Oggi è il giorno benedetto
in cui la Madre raggiunge il Figlio


di Manuel Nin
Il 15 agosto la tradizione liturgica siro-occidentale celebra, assieme a tutte le altre liturgie cristiane, la festa del Transito della Madre di Dio. Mentre quella bizantina usa per la festa odierna quasi esclusivamente il termine "dormizione", in ambito siro-occidentale ci si serve ripetutamente nei testi liturgici di diversi termini che possono essere tradotti come "transito", "esodo" (ambedue anche sinonimi di morte), "traslazione", "sepoltura", e anche "salita", "migrazione" al cielo.

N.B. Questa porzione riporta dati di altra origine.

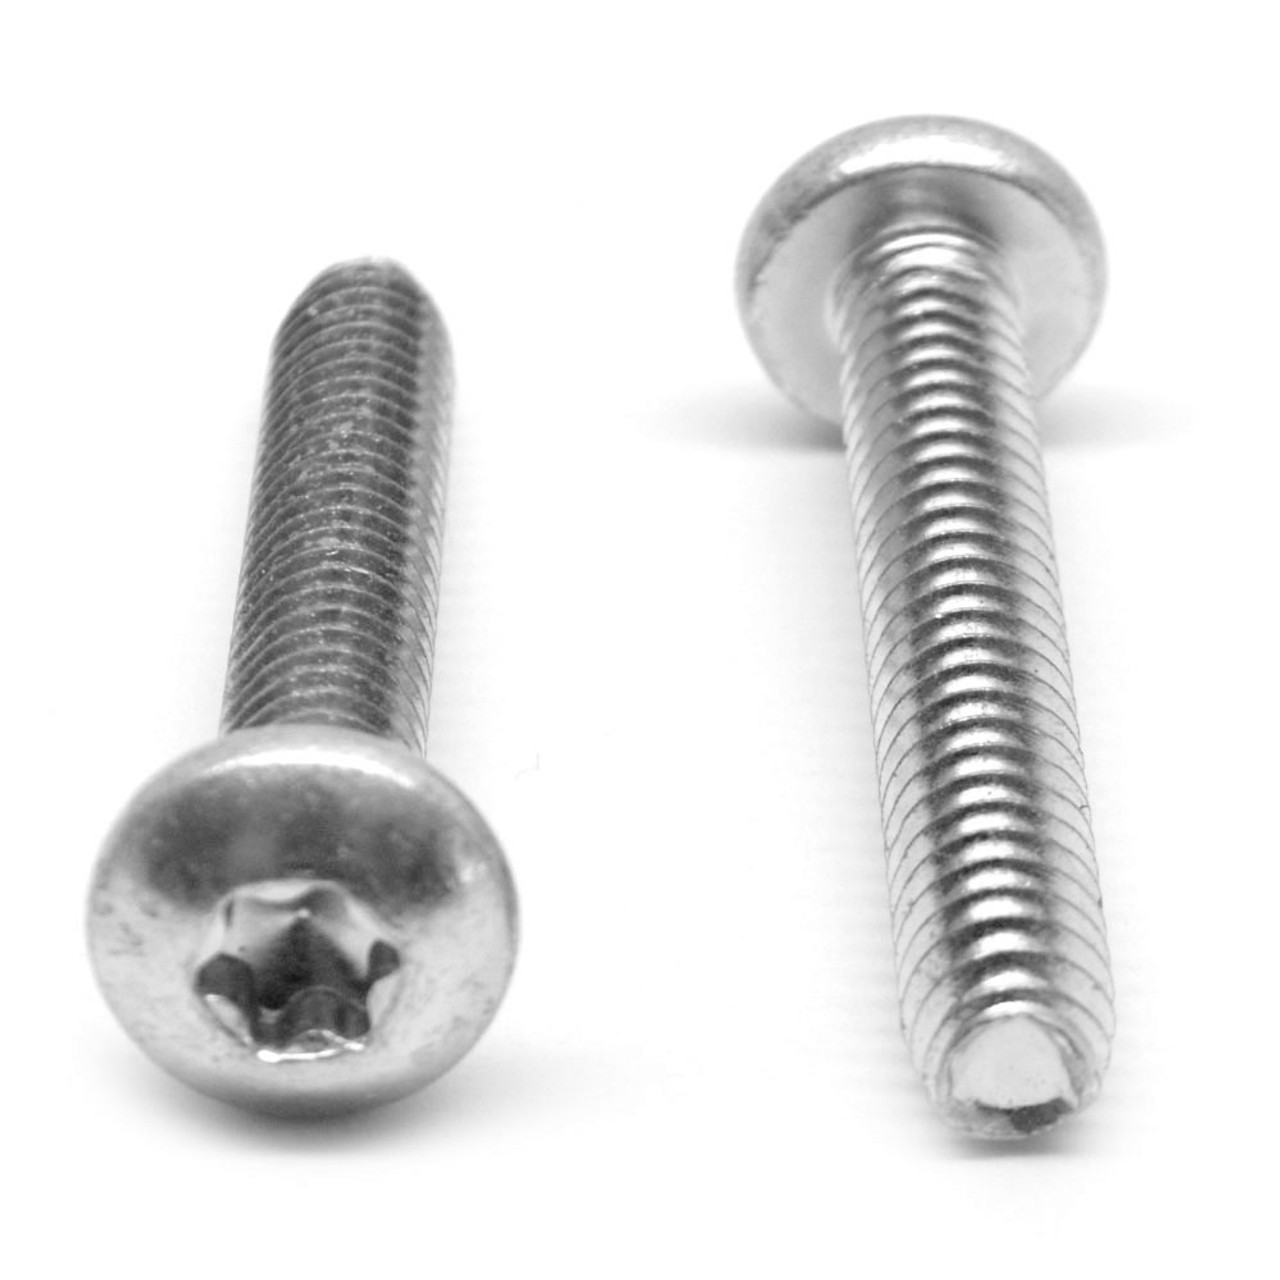 M5 x 0.80 x 10 MM Coarse Thread Thread Rolling Screw 6 Lobe Pan Head Stainless Steel 18-8 Wax

I libri liturgici prevedono un periodo di digiuno di quattordici giorni che precede questa festa della Madre di Dio, un periodo che la mette in parallelo con la stessa Pasqua del Signore, e la prepara con la preghiera assidua per mezzo di testi che mettono in evidenza la dimensione penitenziale di questo periodo:  "Concedici, Signore Dio, l'aiuto che ci viene da te, affinché col digiuno, la veglia, la preghiera e l'astinenza ci prepariamo alla festa del Transito della tua Madre benedetta dalla terra al cielo".
L'amore e la venerazione per la Madre di Dio sono l'anima della pietà delle Chiese cristiane di Oriente e il cuore che vivifica la comunità cristiana. La tradizione siro-occidentale, fin dall'inizio, ha contemplato la Madre di Dio inscindibilmente inserita nel mistero del Verbo incarnato, e di questo i testi della liturgia sono una bella mistagogia con lo sviluppo di alcuni temi.

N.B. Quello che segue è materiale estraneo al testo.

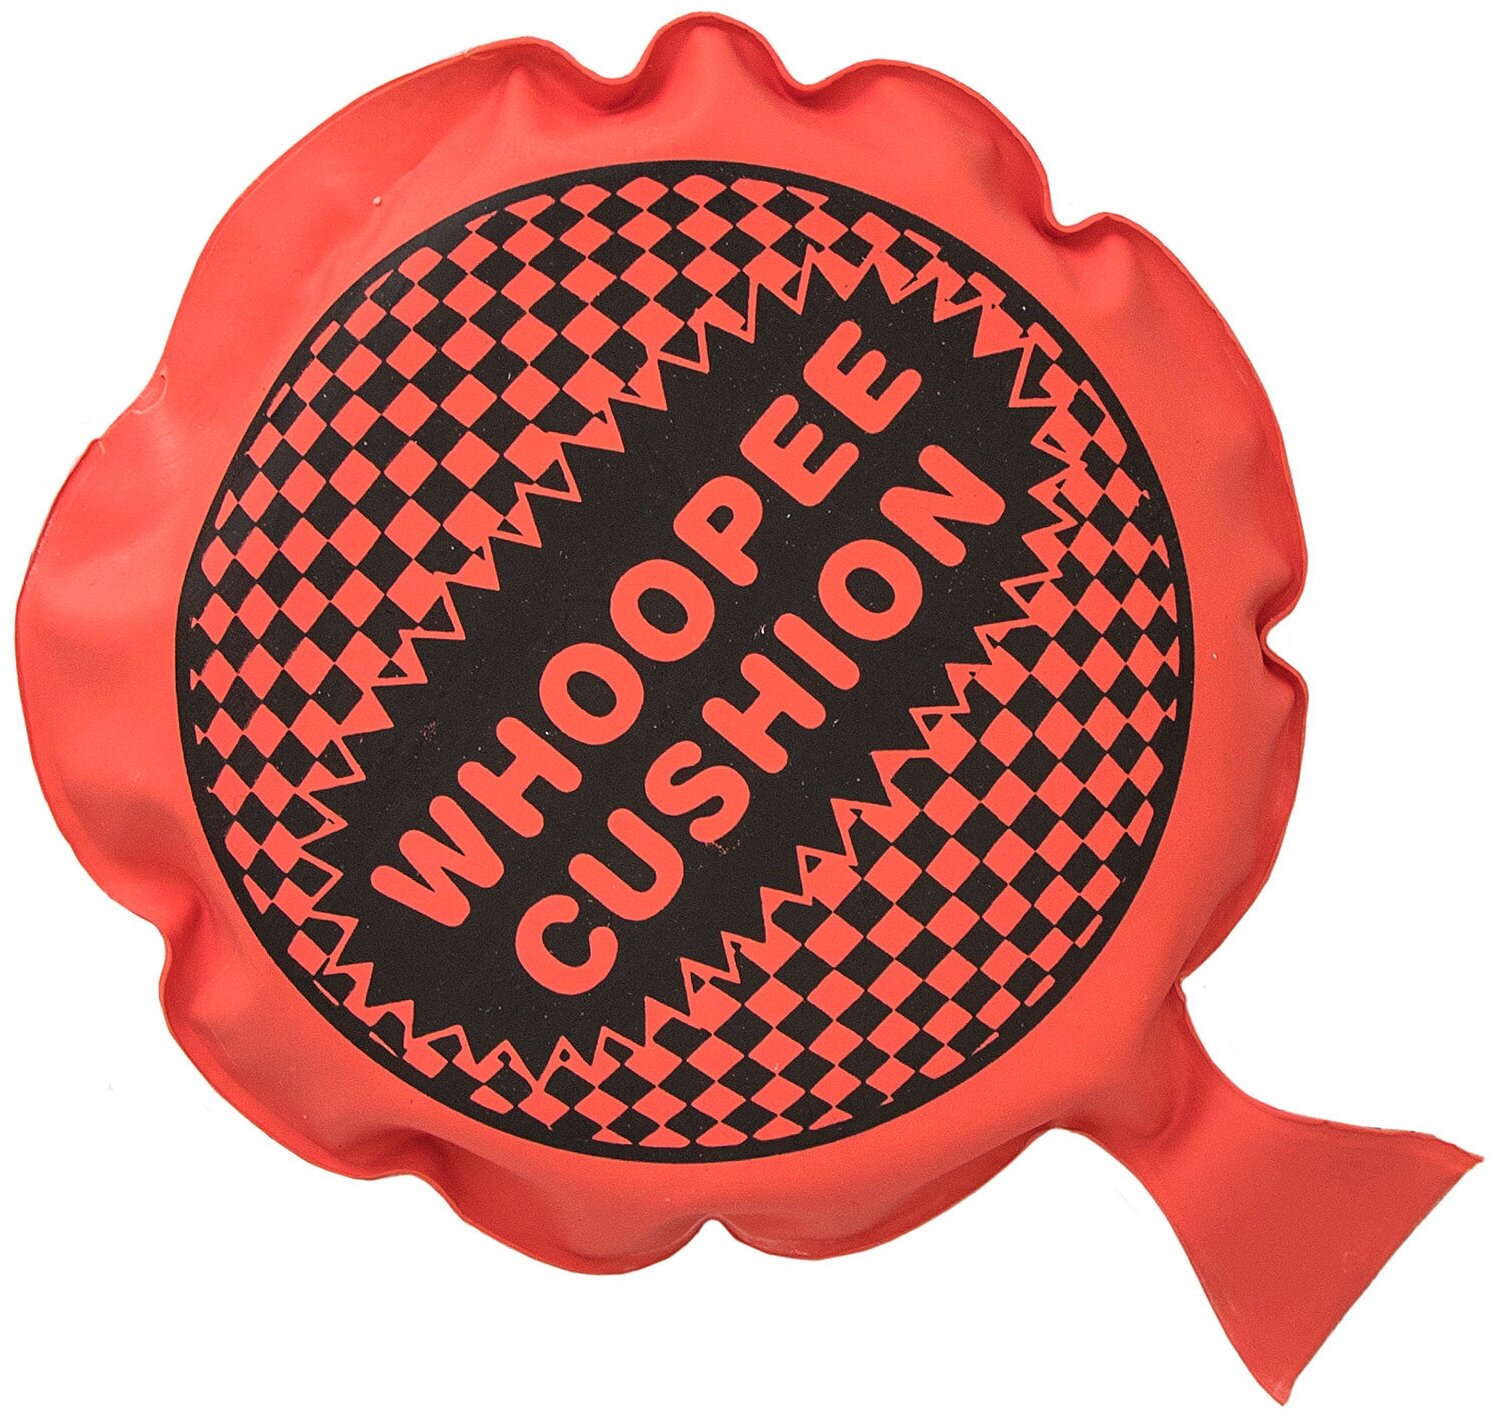 Подушка-пердушка Whopee Cushion 16.5 см красная розыгрыш, подарок мальчику, девочке, универсальный подарок детский с приколом, шуткой

In primo luogo, il transito della Vergine è un motivo di gioia per tutta la creazione, per gli angeli e per gli uomini:  "Il transito della Madre pura e santa del nostro Salvatore rallegra gli angeli e gli abitanti della terra; gli apostoli celebrano una sacra liturgia, e le schiere di fuoco con le anime dei giusti si avviano in processione per la sua sepoltura". La liturgia evidenzia anche in modo molto chiaro come colei che oggi muore ed è messa in un sepolcro è veramente la madre del datore di vita che si incarnò nel suo seno:  "Oggi la schiera dei vigilanti ignei e spirituali con tutte le legioni degli angeli onorano il giorno del transito della vergine Maria figlia di Davide, Madre genitrice di Dio".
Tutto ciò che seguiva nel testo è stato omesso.